**Instructions to follow**
Lower down are entries containing pictures. Copy exactly, without those pictures, the lines from the line with "Eine Frau als Zombie verkleidet." through the line with "желтая большая роза".

**Input records**
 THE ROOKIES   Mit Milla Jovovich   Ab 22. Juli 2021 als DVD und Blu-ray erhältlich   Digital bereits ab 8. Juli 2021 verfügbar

--

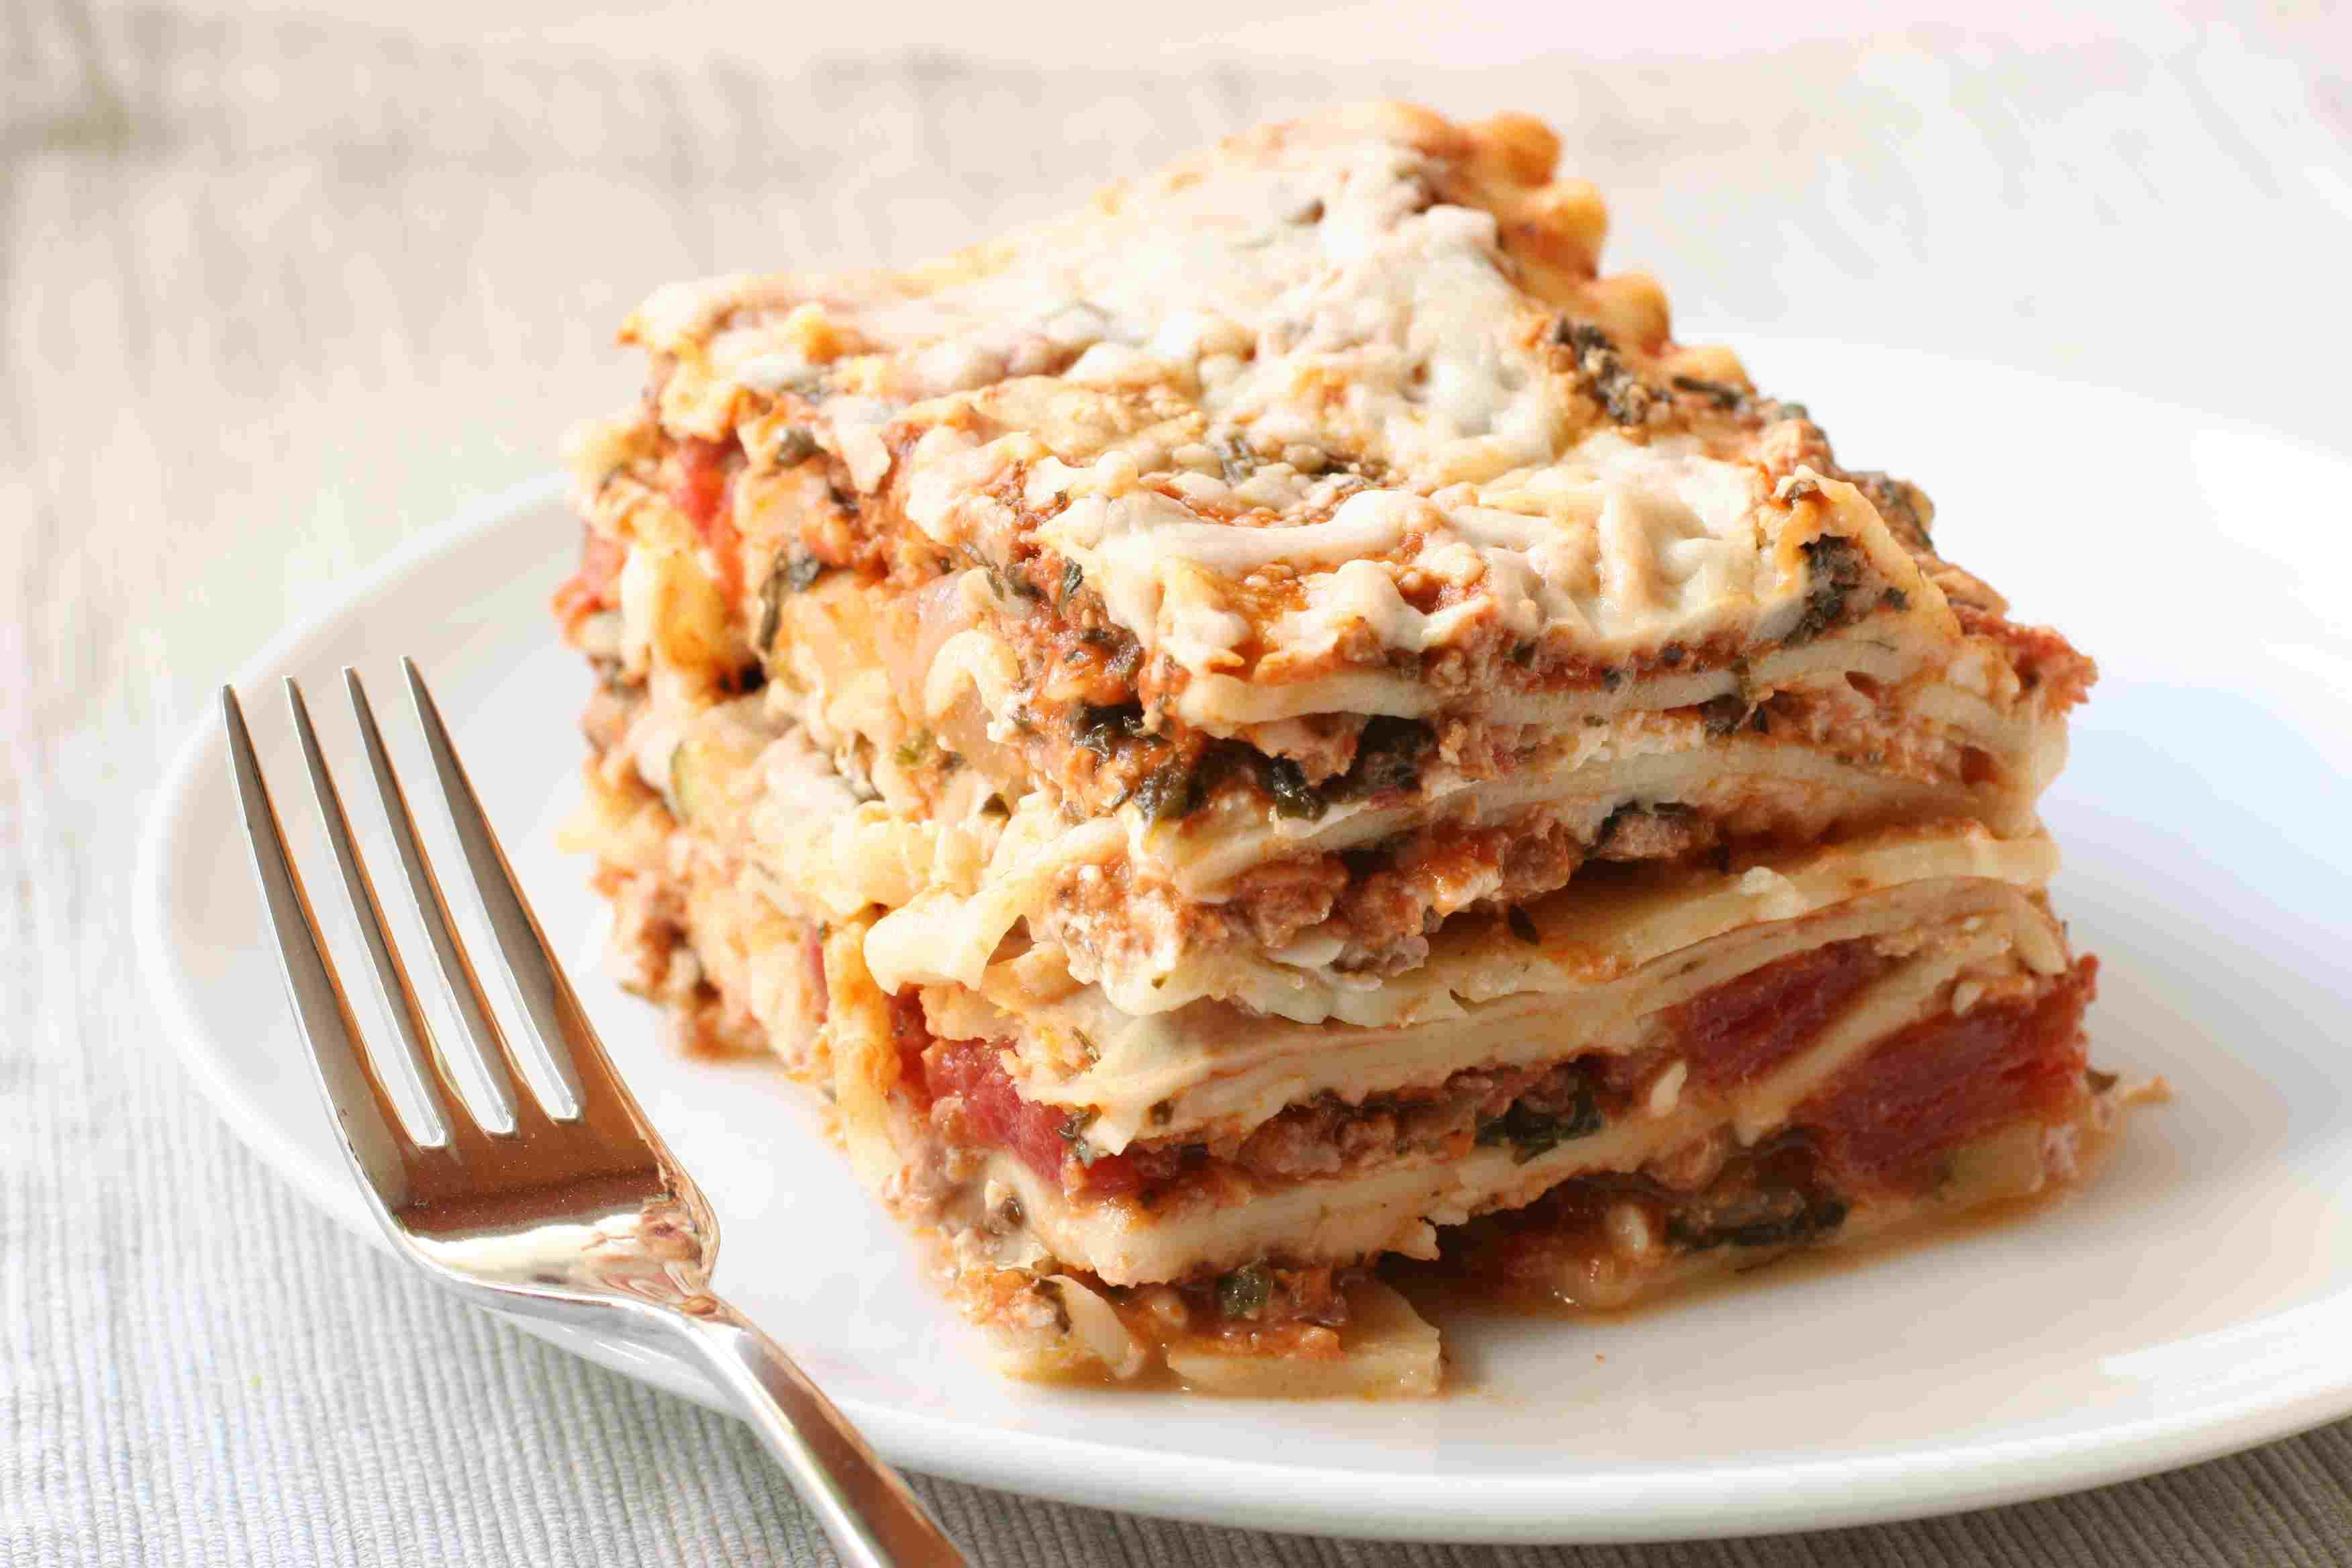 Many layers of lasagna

* * *

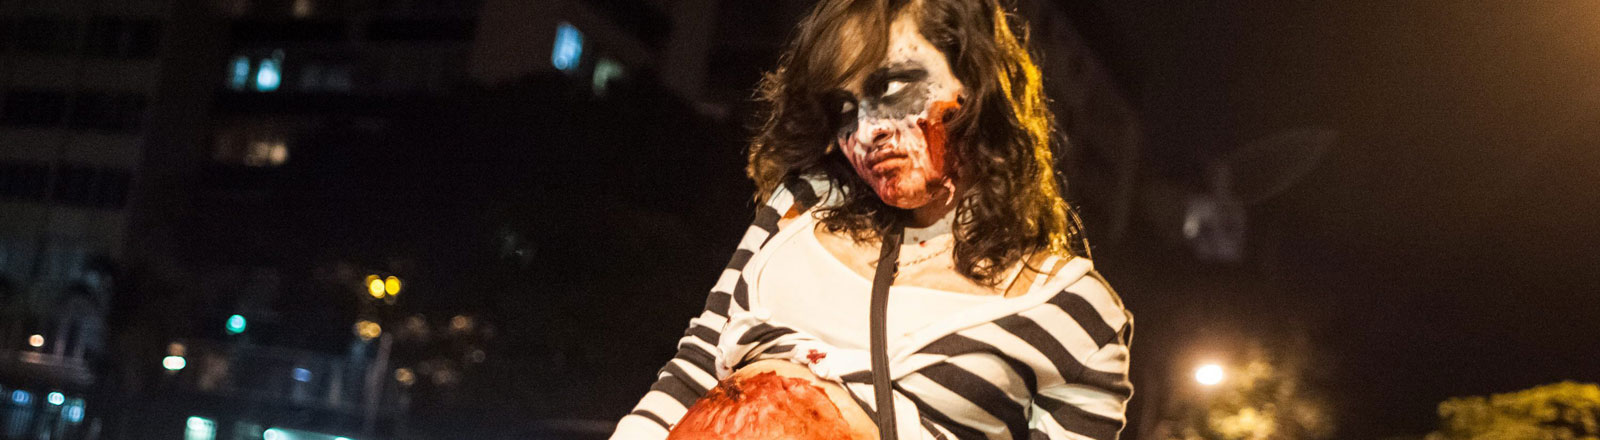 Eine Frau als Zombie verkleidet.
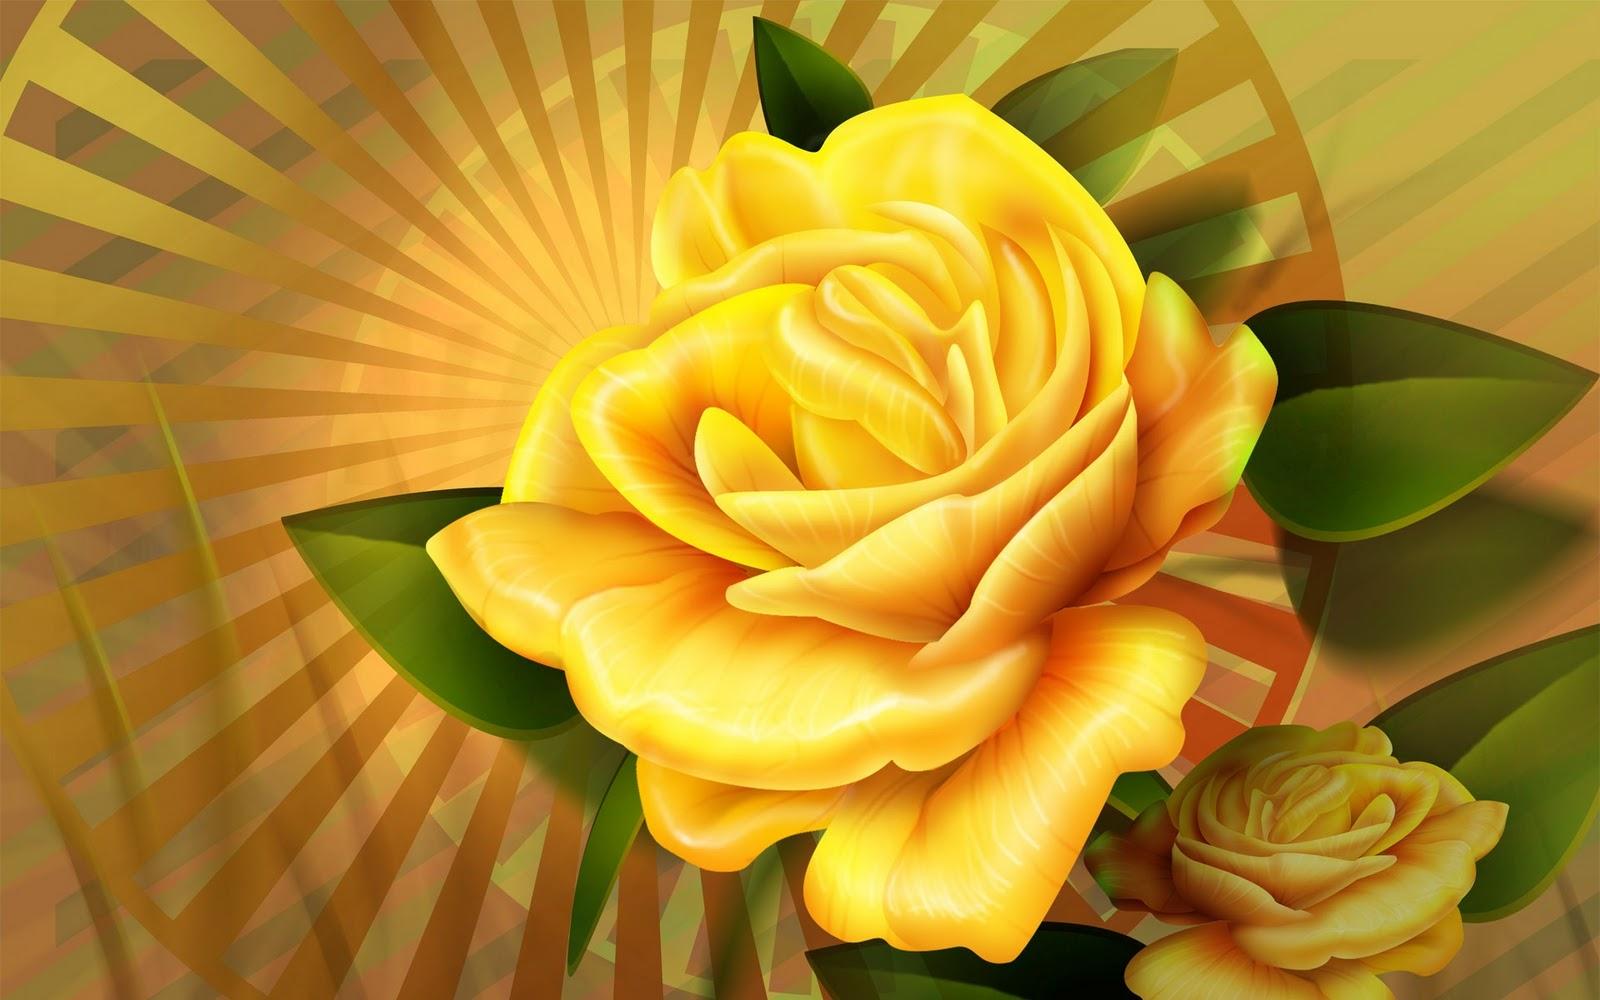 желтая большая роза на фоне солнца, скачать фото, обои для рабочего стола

**Result**
 Eine Frau als Zombie verkleidet.
 желтая большая роза на фоне солнца, скачать фото, обои для рабочего стола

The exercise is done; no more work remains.